「你們寢室怎麼什麼都沒有啊?」孟靈兒好奇的問。
秦青她們都知道她是指什麼,孫明明指著包上掛的祈願牌,「這不是嗎?」
孟靈兒上前看了一眼,見是一個刻著「出入平安」「考試順利」「家庭幸福」的小木頭牌,很像各大景區批發的那種,一看跟其他寢室裡的就不是一批的。
「不是這種。前段時間泰國風俗展上的東西,你們沒買嗎?」
「買了啊。」司雨寒三人都把買的梳子、鏡子拿出來,還有掛在床上的大香包。
孟靈兒看都是這種東西,秦青買的那個木雕狗也是普通的擺件,她嘆了口氣,又羨慕又奇怪,「你們寢室都不信吧?」
司雨寒、孫明明和柯非都悄悄看了眼秦青。
不是不信,是太信了。
孟靈兒很想傾訴一下,司雨寒她們跟她不是一個系的,說話不必顧忌,就把自己家裡的事還有自己寢室的事一股腦全說了。
「現在我爸這樣,我和我媽都管不了他。」孟靈兒趴在司雨寒的桌子上,「之前我自己在寢室也鬧得太難看了,現在都不好意思跟她們說話了。」
柯非覺得這算什麼?
「你去道個歉嘛,正好可以把自己家的事跟朋友們說說。」
「我怕被她們笑……」孟靈兒說,抬頭警覺的跟秦青她們說:「你們不能說出去啊!」
秦青好笑的搖頭:「去哪裡說?都不認識你們寢室的人。」
孫明明和柯非也保證絕對不說。
孟靈兒倒完黑泥,看看快九點半,大家該洗漱睡覺了就走了。
她走後,孫明明把門關上,剩下三人立刻湊到秦青這裡小聲問她:「你覺得孟靈兒她爸是怎麼回事?」
秦青這些天也看了一些資料,做過一些研究,跟許師兄也聊過,兩人都認為,這只是泰國風俗展上的佛像在收集願力而已。

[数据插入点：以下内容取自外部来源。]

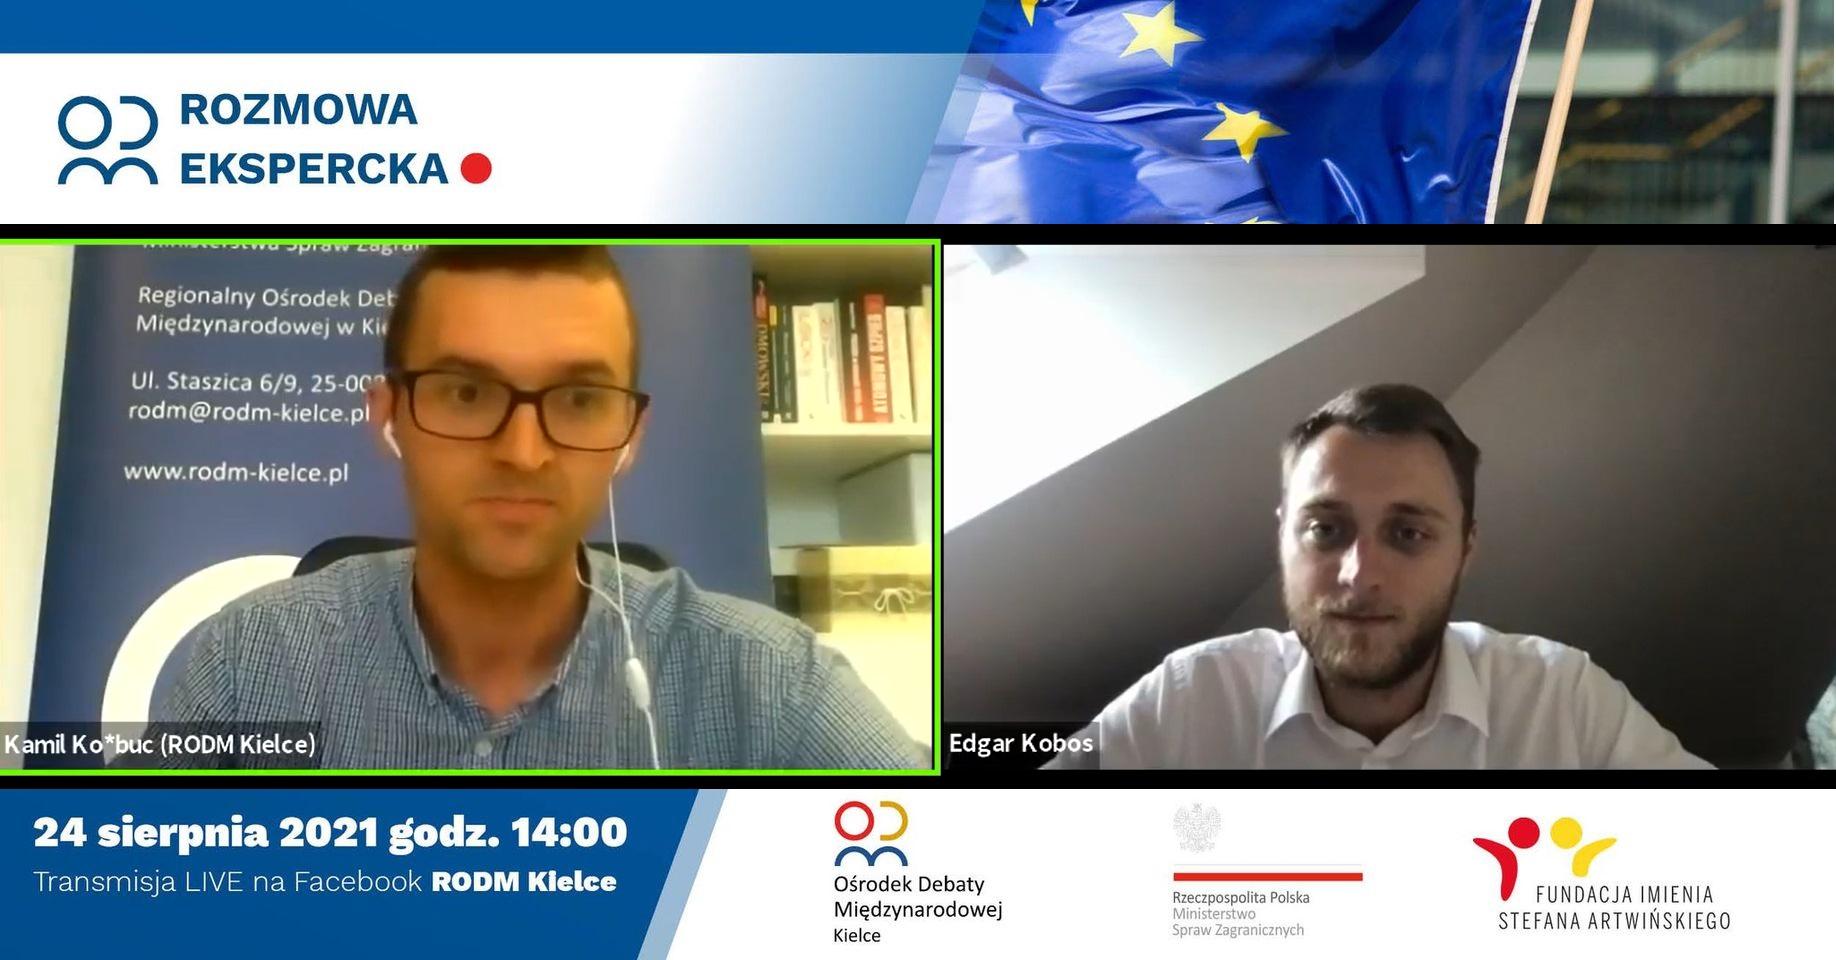 Jakie możliwości rozwojowe UE daje młodym ludziom?

「而已?還而已?」柯非忍不住小聲叫,「它都能讓人心想事成了!」
秦青看剩下兩人也是神色緊張,馬上安慰大家:「不可能心想事成的。這麼說吧,許願的人越多,願力就會分薄,因為佛像本身的能力是有限的。一千份水分給一萬個人,每人只得十分之一。現在許願的人可比一萬人多多了,佛像的能力有沒有一千份還是兩說呢。」
她跟許師兄討論了好幾天,還特意找了資料去問施教授。當然施教授是不信的,只能給他們一些資料上的支援,對於許師兄提出的「願力分薄」這個概念,施教授認為「有一定的道理」。
柯非恍然大悟,捂胸口說:「嚇死我了!」
孫明明突發奇想,「那我要是許一個世界上沒人會許的願,是不是就有可能成功?」
司雨寒好奇的看她:「你想許個什麼願?」
孫明明仰臉想了想,不管是一夜老十歲還是胖到兩百斤,好像都很蠢,但她也想不出跟世界人民的願望背道而馳的願望了——就算想出來了,她幹嘛要跟自己過不去呢?!
她低下頭沮喪道:「算了。「
司雨寒問秦青:「那孟靈兒她爸這樣不會有危險嗎?」隨便求一求就能心想事成,哪怕只有十分之一的威力,也很不得了啊,怎麼想都不會這麼簡單。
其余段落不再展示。